В течение ужина Шамрон был замкнут и озабочен и не в настроении вести беседу. Даже сейчас он не говорил при Гиле о рабочих делах не потому, что не доверял ей, а потому, что боялся, как бы она не разлюбила его, узнав все, что он совершил. Гила заполняла долгие промежутки молчания рассказами о дочери, которая уехала от отца в Новую Зеландию и живет с мужем на птицеферме. Гила знала, что Габриель как-то связан с Конторой, но и не подозревала о подлинном характере его работы. Она считала его своего рода клерком, проводившим много времени за границей, и любителем искусства.

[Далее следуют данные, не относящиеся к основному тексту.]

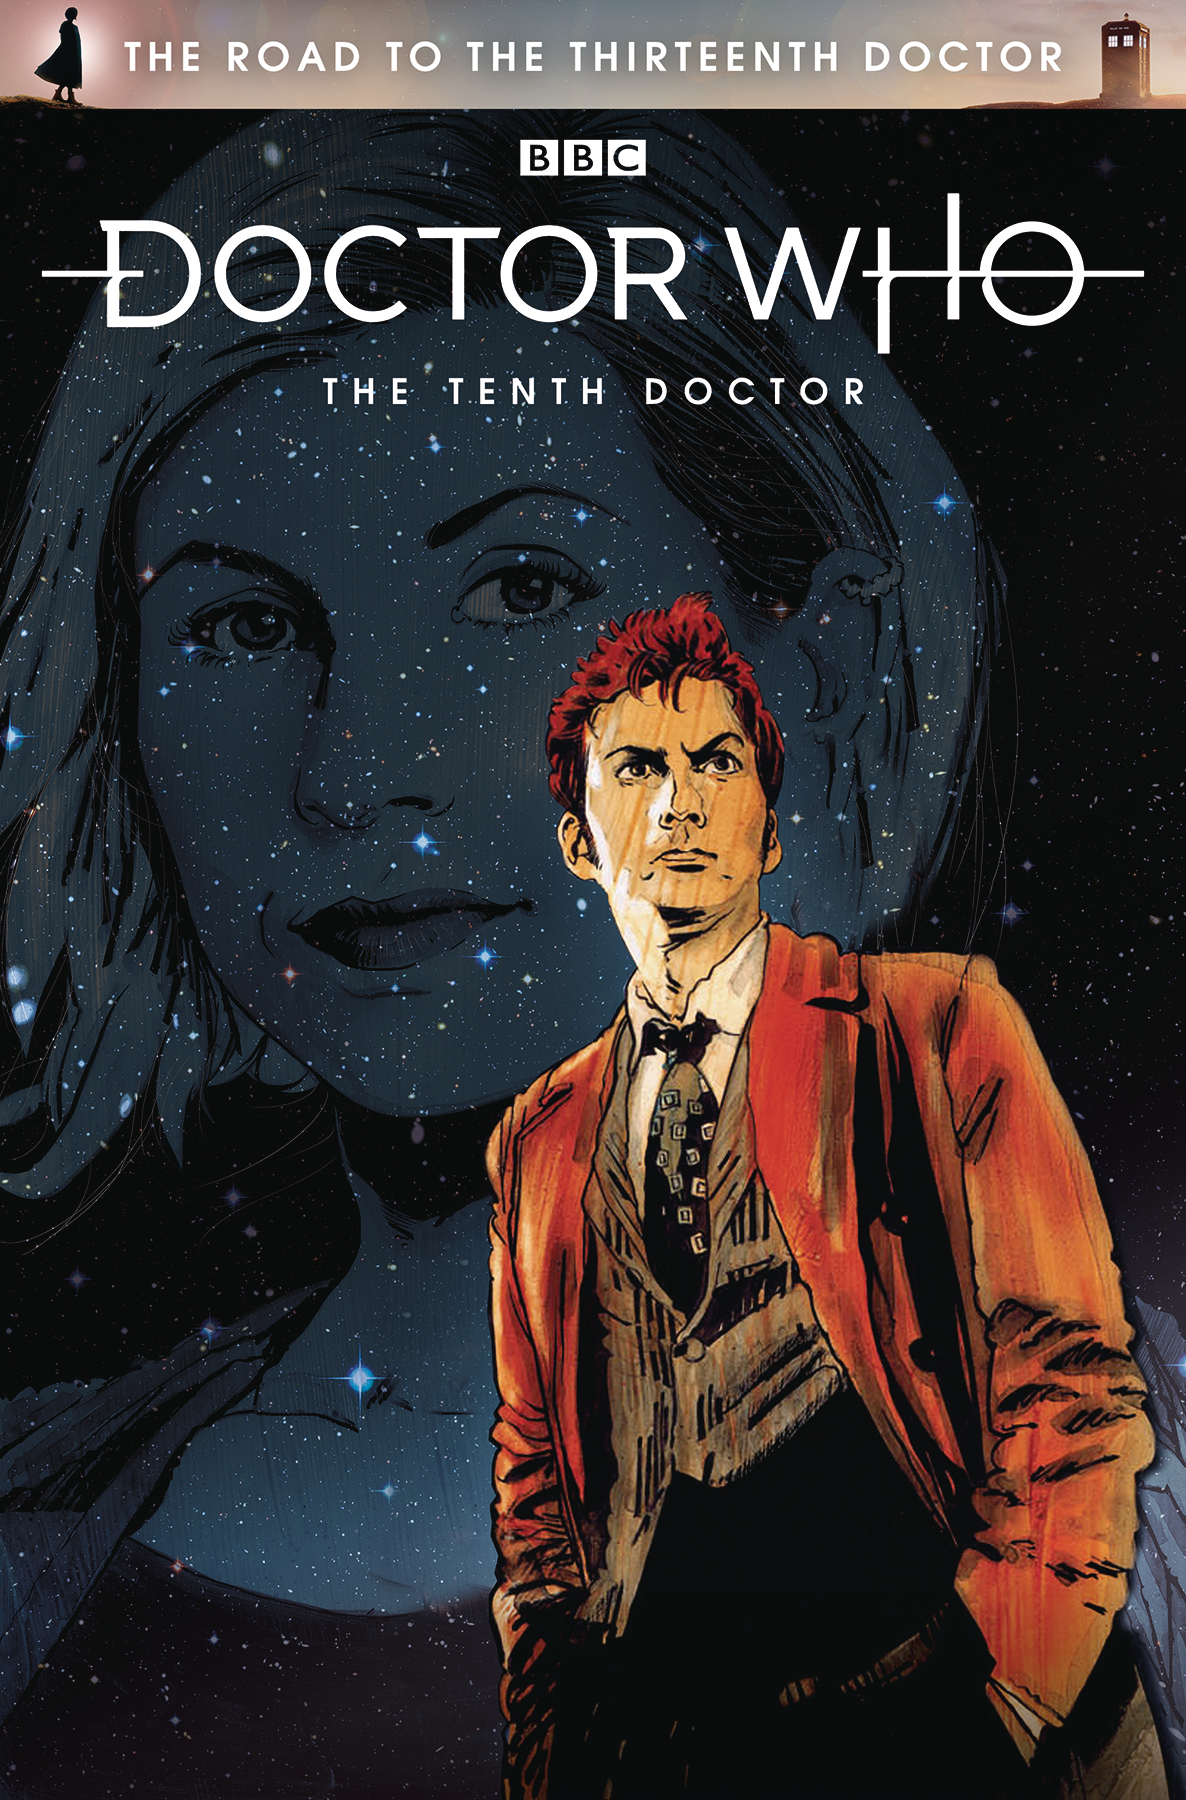 DOCTOR WHO ROAD TO 13TH DR 10TH DR SPECIAL #1 CVR A HACK

Она подала им кофе и поднос с печеньем и сухими фруктами, убрала со стола и занялась мытьем посуды, оставив мужчин беседовать. Габриель под звуки бегущей воды и позвякивание фарфора, доносившиеся из кухни, ввел Шамрона в курс дела. Они разговаривали приглушенными голосами при свете поблескивавших между ними субботних свечей. Габриель показал Шамрону досье на Эриха Радека и «Акцию 1005». Шамрон поднес фотографию к свече и прищурился, затем перевел очки для чтения на лысину и снова обратил тяжелый взгляд на Габриеля.
– Что вам известно о том, что было с моей матерью во время войны?
Взгляд, каким Шамрон посмотрел поверх края своей чашки, дал ясно понять, что нет ничего такого в жизни Габриеля, чего бы он не знал, включая и то, что происходило с его матерью во время войны.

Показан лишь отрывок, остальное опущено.